Was die Tatsache jener nationalsozialistischen Verbrechen angeht, die in der Ukraine und nicht in Russland verübt wurden, dürfte in der deutschen Öffentlichkeit mittlerweile etwas mehr Klarheit herrschen. Doch die Stätten des „Holocausts durch Kugeln“, der Massenmorde in den ukrainischen „Bloodlands“ (Timothy Snyder), dürften noch weithin terra incognita sein. Die Massaker von Kamjanez-Podilskyj (August 1941), von Berdytschiw (September 1941), von Odessa und Stanislau (Oktober 1941) oder von Simferopol und Drobyzkyj (Dezember 1941) gilt es erst noch, dem Vergessen zu entreißen.
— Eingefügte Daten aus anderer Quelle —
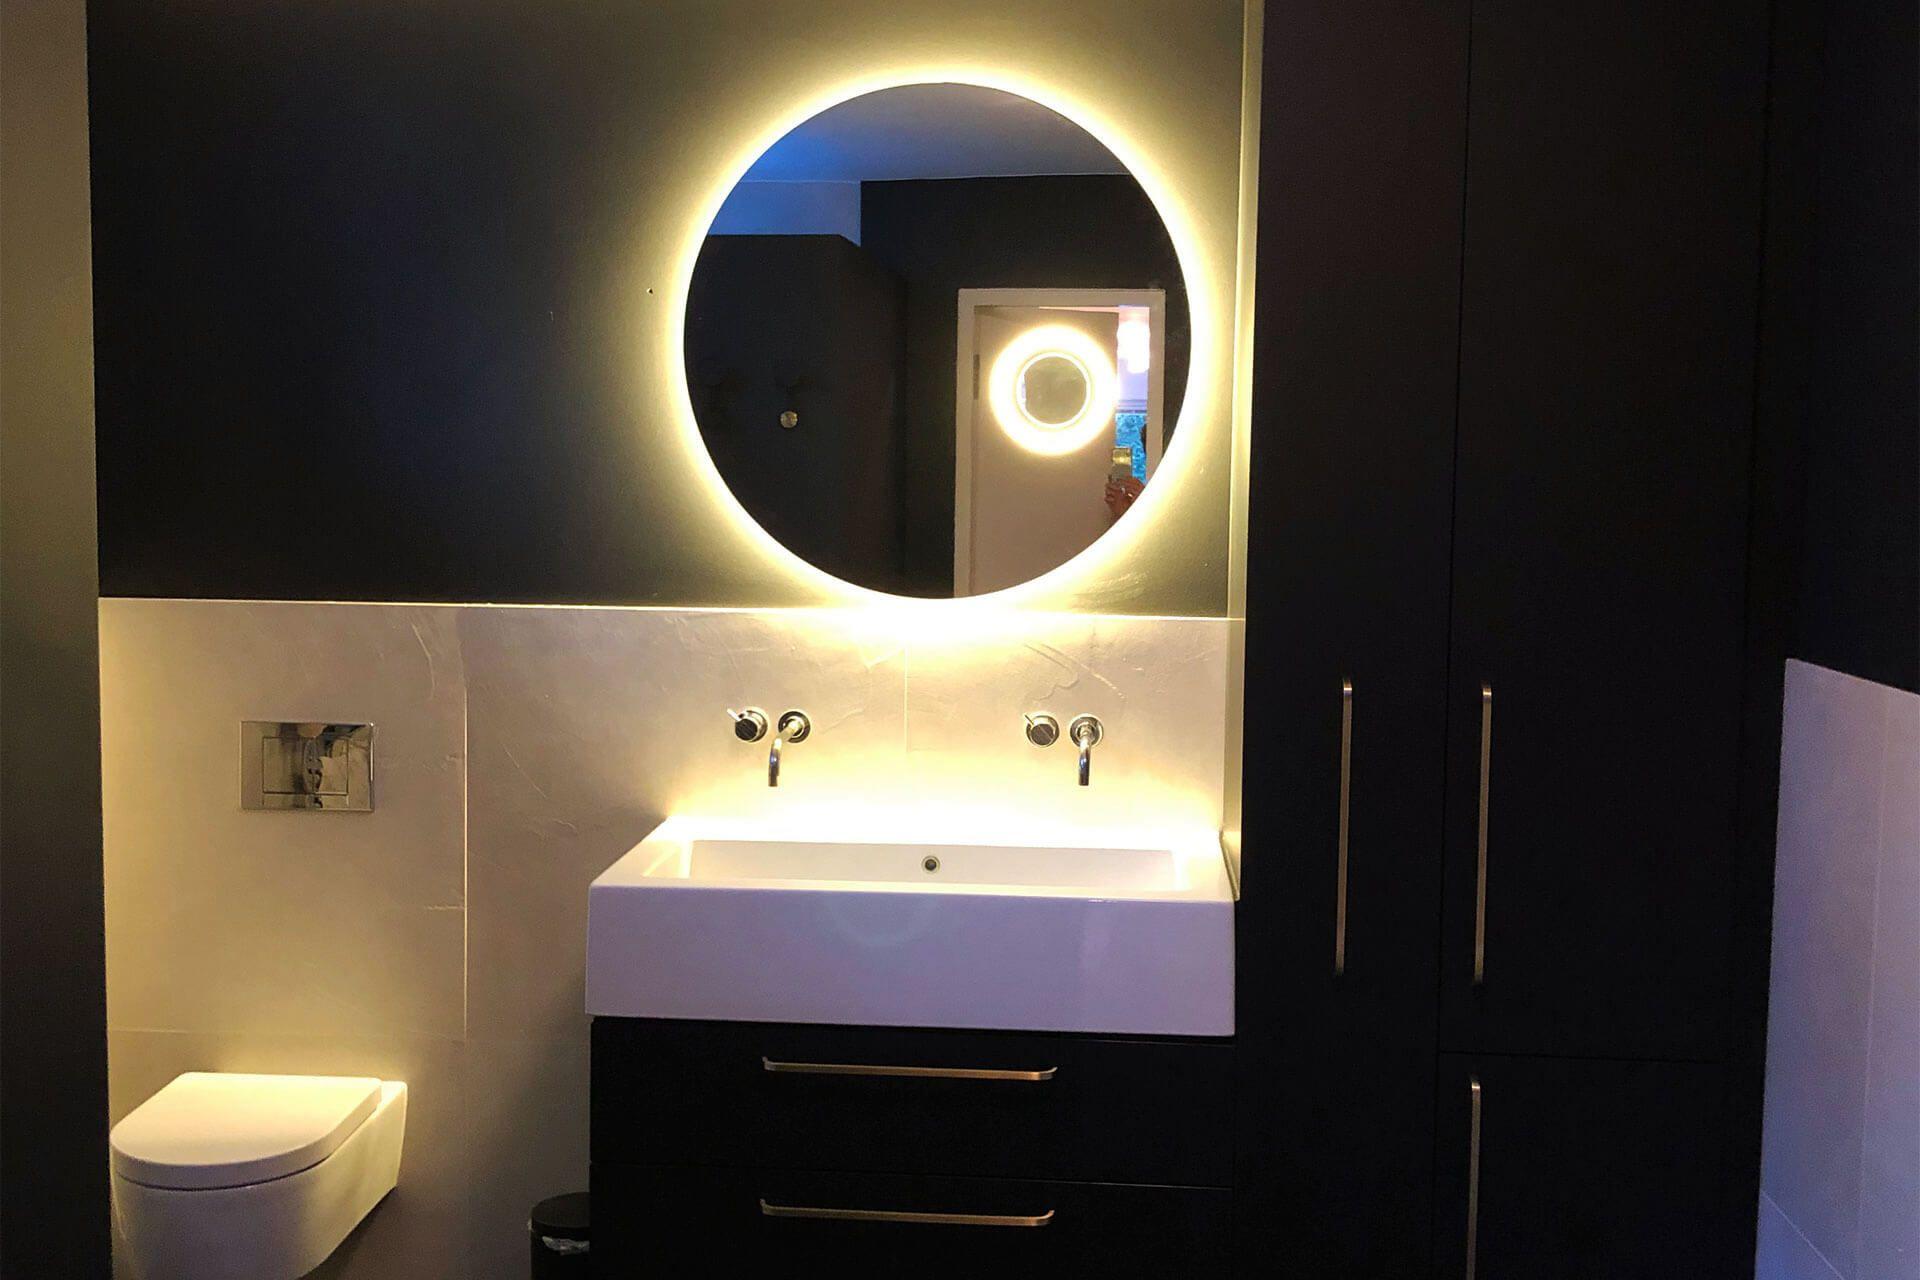 Https Spiegelshop24 Com Info Referenzen Html Badspiegel Badezimmerspiegel Beleuchtung Badezimmerspiegel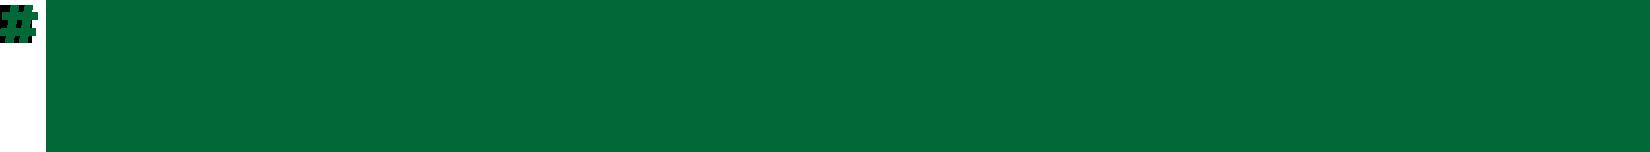 https://keeporegongreen.org/wp-content/uploads/2020/03/OOO_Title_Green.png

Nach 1945 sind wir im Buch dann schnell beim AKW-Unfall von Tschernobyl (1986) und dann auch schon in den wilden 1990ern. Mysteriöse Autounfälle und ein brutaler Journalistenmord zeugen vom Pfründekampf der alten, russland-orientierten Eliten. Die Kontinuität des ukrainischen Freiheitskampfs muss im Angesicht der aktuellen Kriegsschrecken beschämen. Viel zu lange wurde im Westen nicht gesehen, was doch offensichtlich war. Während manchem Strategen „realistischer“ Provenienz zur Erklärung der russischen Invasion immer nur USA und NATO einfallen, müssen Ukrainer:innen mit ihrer langen Leidensgeschichte nur an das millionenfache Sterben im Holodomor (1932) zurückdenken, um russischer Vernichtungsabsichten gegenüber der eigenen Nation aus einer Zeit gewahr zu werden, in der von USA und NATO noch gar keine Rede war.

Um diesen und andere Sachverhalte aus der ukrainischen Geschichte zu verstehen, hilft der schmale Band von Steffen Dobbert (DIE ZEIT), dem eine breite Leserschaft zu wünschen ist, ungemein.